As you already know, I already made something that aggregates context from various buffers, and it works very well. I added it to my fork (mostly I just renamed the prefix from contexter to gptel). You can check it out at https://github.com/daedsidog/gptel/blob/contexter/gptel-contexter.el. Note that I haven't finished integrating it, because I'm not sure which branch the menu in the images appears in, as my transient menu is different than what I see in the images.

I'll check it out, thanks! All the images are from the master branch, the transient menu has had several minor tweaks in the past couple of days but I think I'm close to done.

There are also a few new menu options, as discussed in this thread, accessible by setting gptel-expert-commands to t. I will make the new "add directive" option visible by default soon.

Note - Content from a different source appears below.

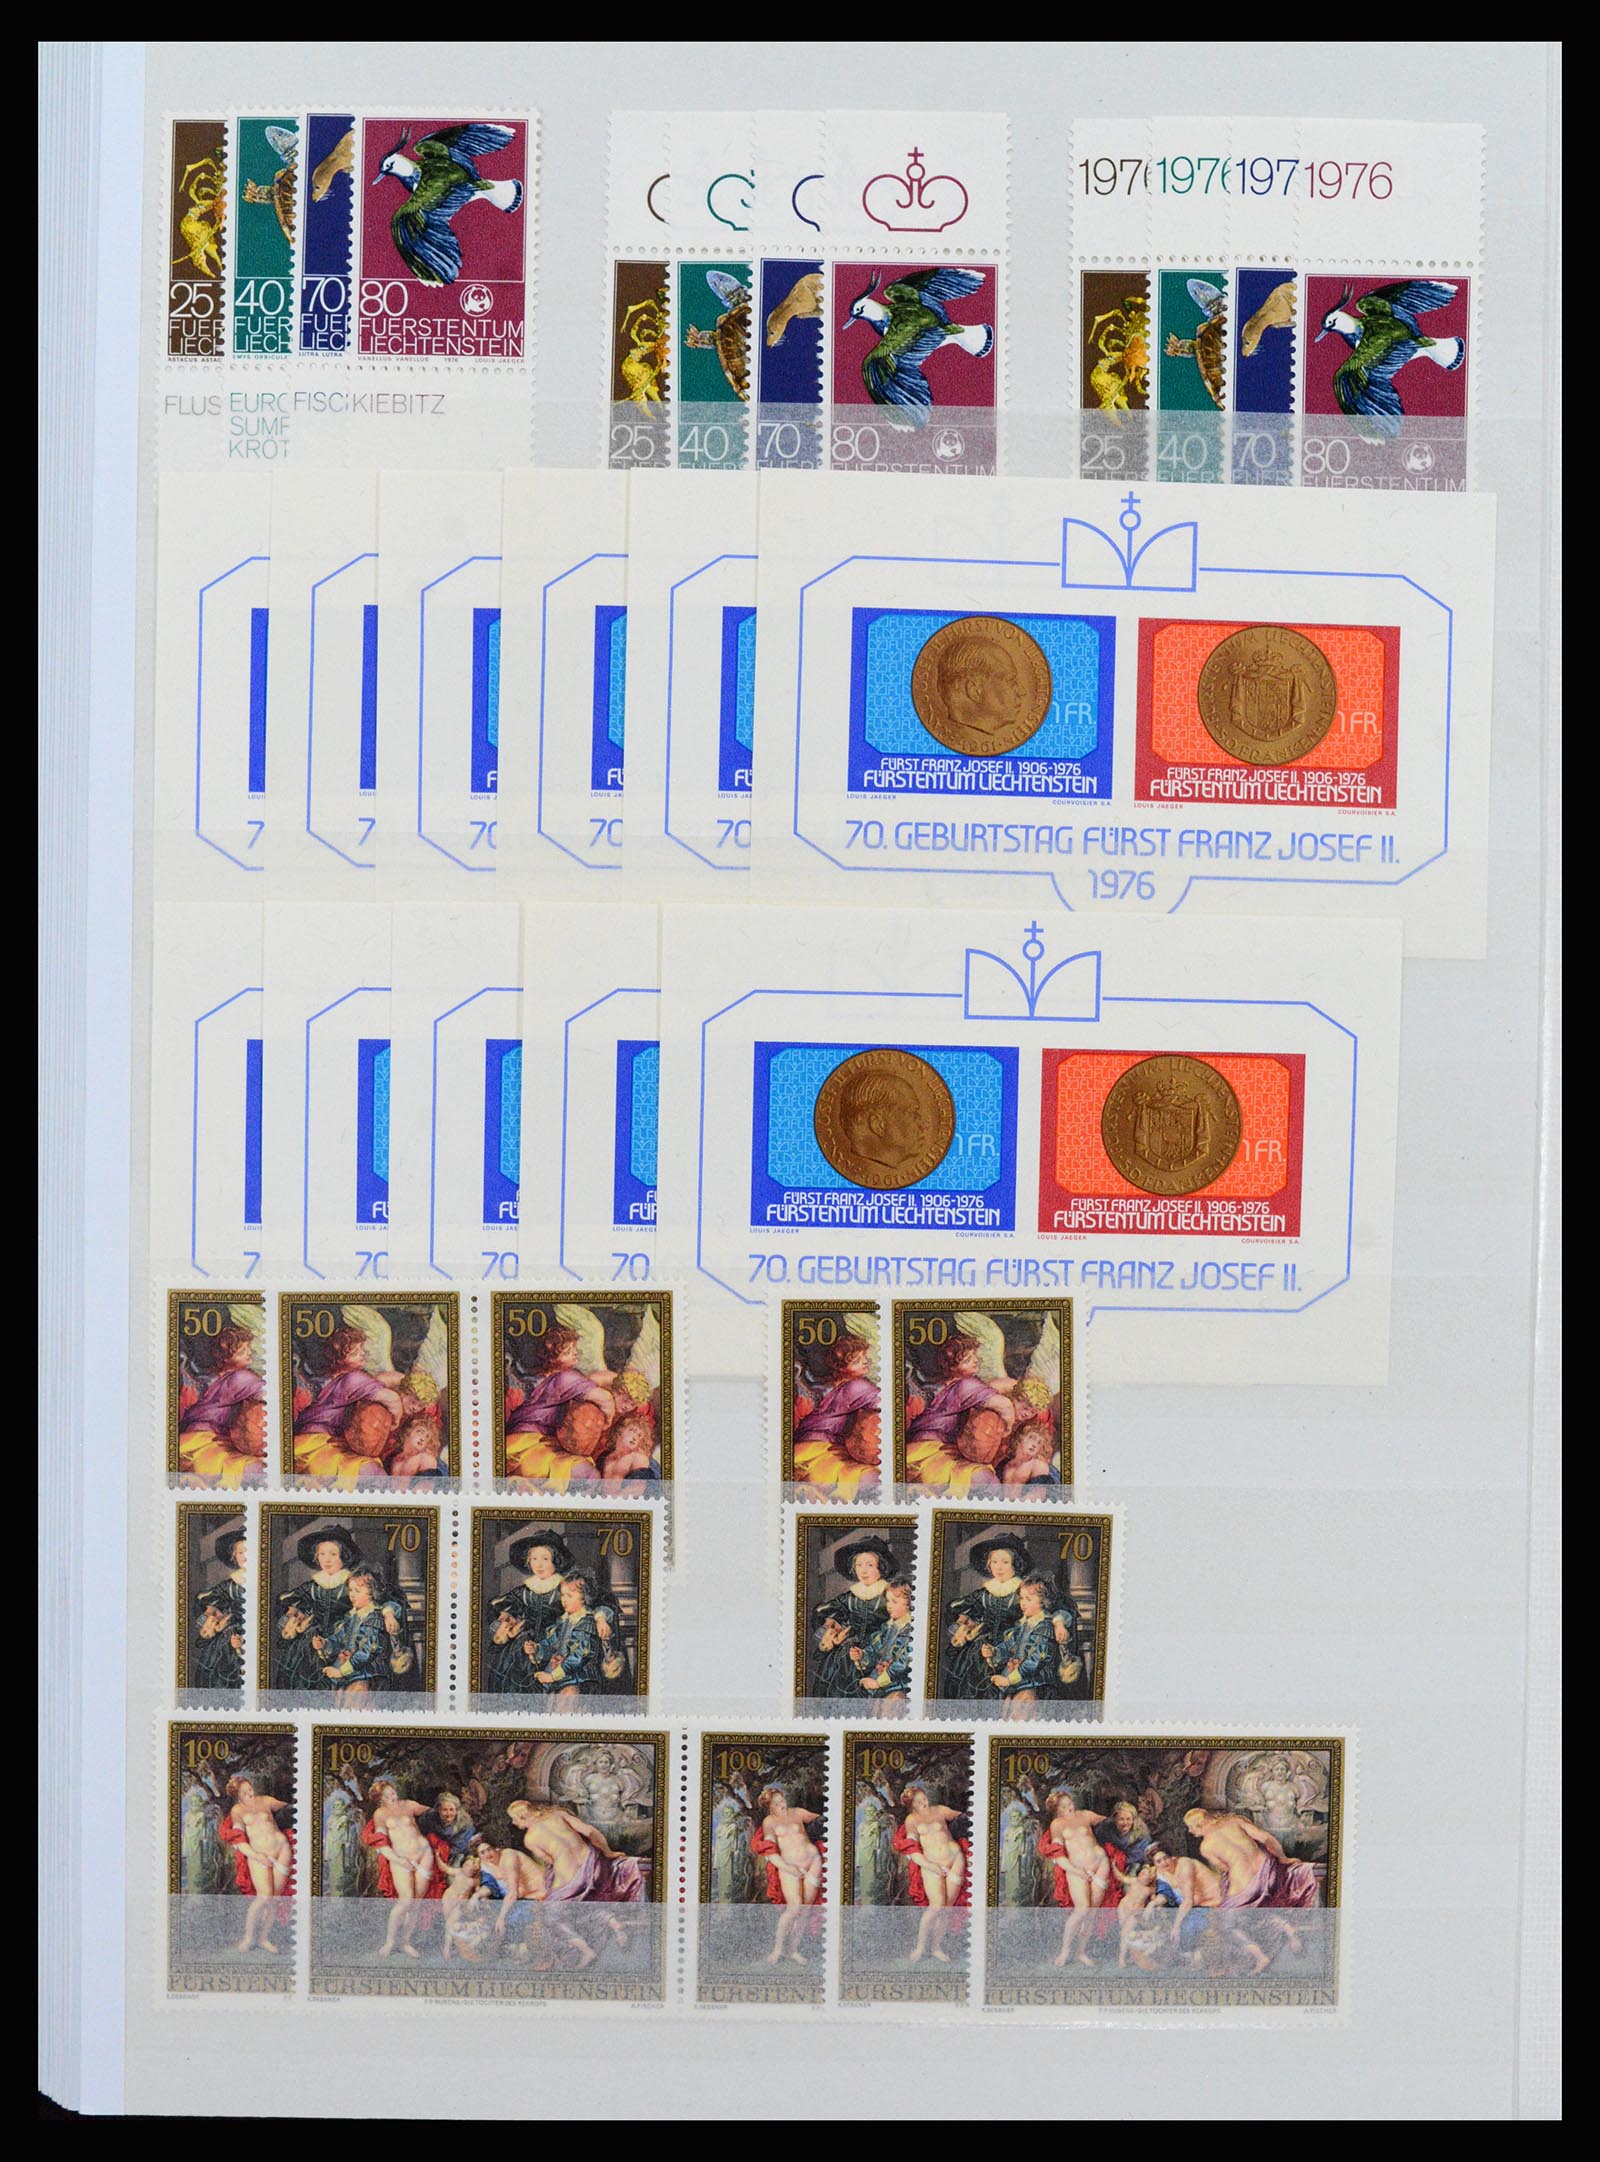 37261 042 - Stamp collection 37261 Liechtenstein 1961-1995.

daedsidog commented 3 months ago

@karthink I'll make a pull request so that we won't have this fragmented communication about this, and everything will be in one area.

EDIT: https://github.com/karthink/gptel/pull/256

jwr commented 3 months ago

Thank you for considering my comments! In order to keep this brief, I'll try to respond only to things where a response is necessary. In many cases you either pointed out a better way to do something or stated why you believe things should be done a certain way and I won't discuss those.

Menu issues

  1. I wasn't sure where the colon before the directive came from, and what it signifies.

This is a limitation of the Transient interface, you need a unique prefix to distinguish options from each other. I think I can remove it with some elbow grease. I'll take a look eventually, but I think it's harmless for now.

I wouldn't worry about it too much. It was somewhat confusing, but as long as it doesn't end up in prompts, it doesn't matter.

  1. I would also add "q" everywhere, which would quit. I know there is C-g, but most modern Emacs packages spoiled me by providing an easy-to-access 'q' which always just quits and closes any popup buffers.

This is a global Transient setting, see (info "(transient) Aborting and Resuming Transients"), and the function transient-bind-q-to-quit. Presumably you want it to be set everywhere, including in magit (if you use it) and other Transient menus?

I don't think adding it to gptel's menus specifically is the right way to go about it.

Indeed, probably not — I didn't know about this option. I was used to Magit allowing me to use 'q' to quit anywhere, and I thought this was the default for transients.

To Ediff, you can respond in-place and then bring up gptel-menu with the cursor in the response region. If you regenerate a response many times, you can cycle through past responses and Ediff against any of them.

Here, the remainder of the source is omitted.